Как бы то ни было, каждая новая встреча, удваивая любовь д'Уарака к Олимпии, вместе с тем накладывала все новые путы на эту любовь, ведь при всяком их свидании мнимая Олимпия возвращалась все к тому же условию sine qua non
[33]
: он не должен более встречаться с нею нигде, кроме как в их тайном убежище.
Д'Уарак, как мы видели, вначале на это согласился, ибо его желание было слишком сильным, чтобы не обещать всего что угодно, а коль скоро он возобновлял свое обещание всякий раз, когда от него этого требовали, и даже держал слово, он тем самым обеспечивал успех замысла двух сообщниц вплоть до следующего приказа.
Ему было велено даже при случайной встрече с Олимпией хранить перед ее лицом выражение изгнанного поклонника, подавленного своим поражением.
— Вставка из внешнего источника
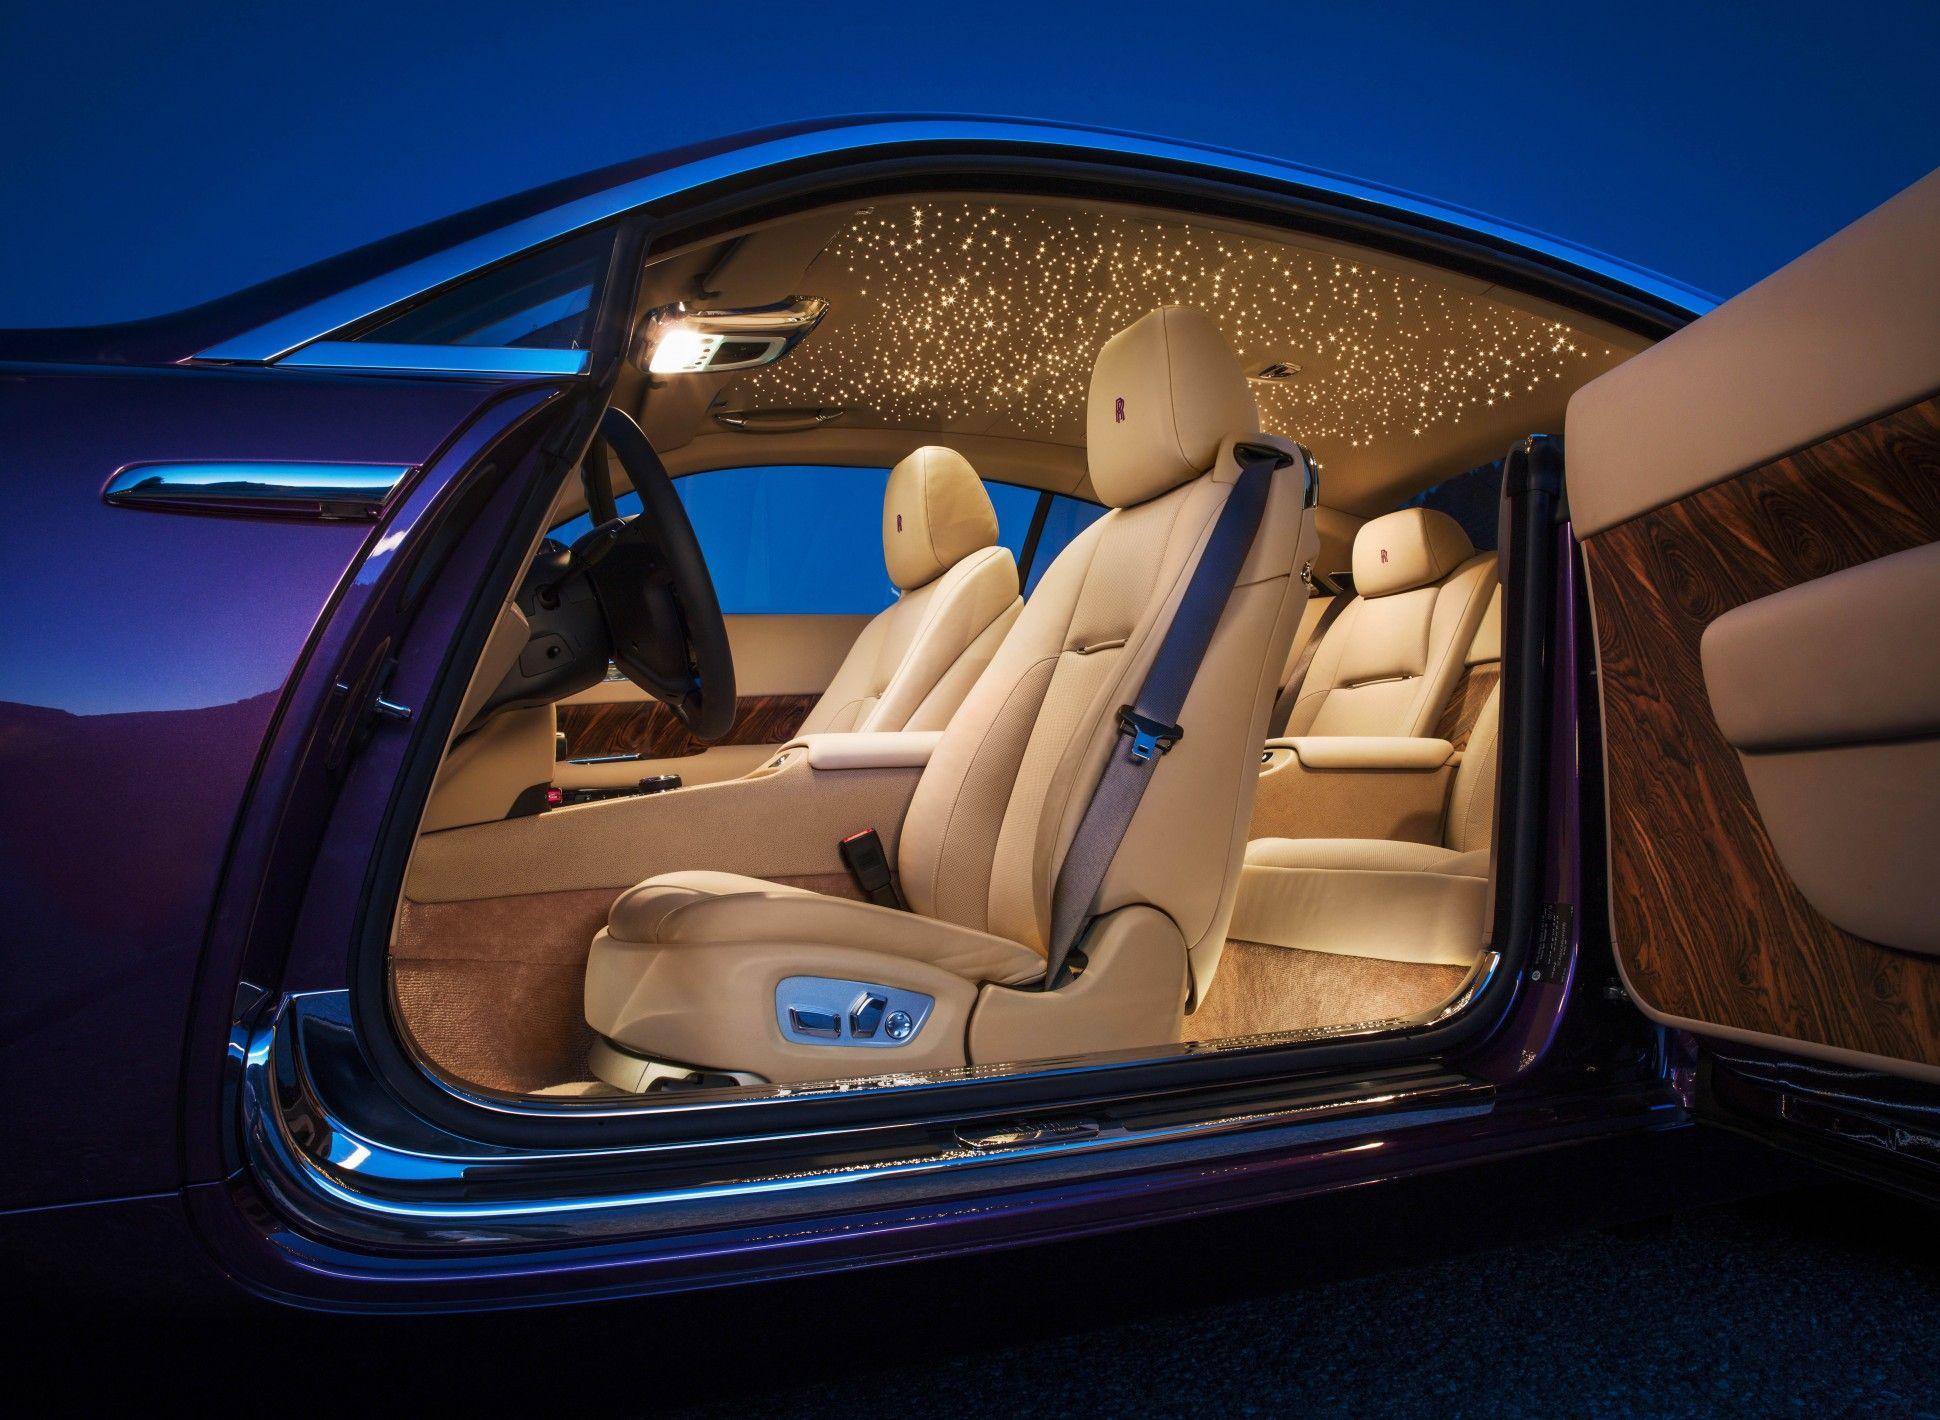 rolls royce 2015 interior. road testing the 2015 rollsroyce wraith a night at opera rolls royce interior

Его заставили дать клятву, что, столкнувшись с нею на прогулке, он ограничится едва заметным поклоном, никогда не приблизится к ней, не заявится в ее дом без приглашения, будь то собственной персоной или в образе посредника, и, что главное, никогда не станет писать ей.
О том, какой теории в отношении писем придерживались парикмахерша и Каталонка, мы уже упоминали выше.
Итак, аббат продолжал давать обещания и начал даже их держать: он более не смотрел в сторону Олимпии.
При встрече он ограничивался легчайшим приветственным кивком.
Он часто бродил за ней по пятам, но уже никогда не подходил ни к ее дому, ни к ее гримерной, ни к ее портшезу.
Он не посылал ей больше ни цветов, ни писем, ни своих курьеров.
Все шло по воле Каталонки и ее первого министра — парикмахерши.
Но некое происшествие, простенькое, как все те происшествия, что опрокидывают замыслы, состояния и империи, едва не испортило всех хитроумных комбинаций двух почтенных дам.
XXVII. СЕРДЦЕ ЖЕНЩИНЫ
Олимпия ничего не сказала самому аббату, и все же, прогнав от себя парикмахершу после тех предложений, которые та сделала ей, она тем самым изгнала и аббата.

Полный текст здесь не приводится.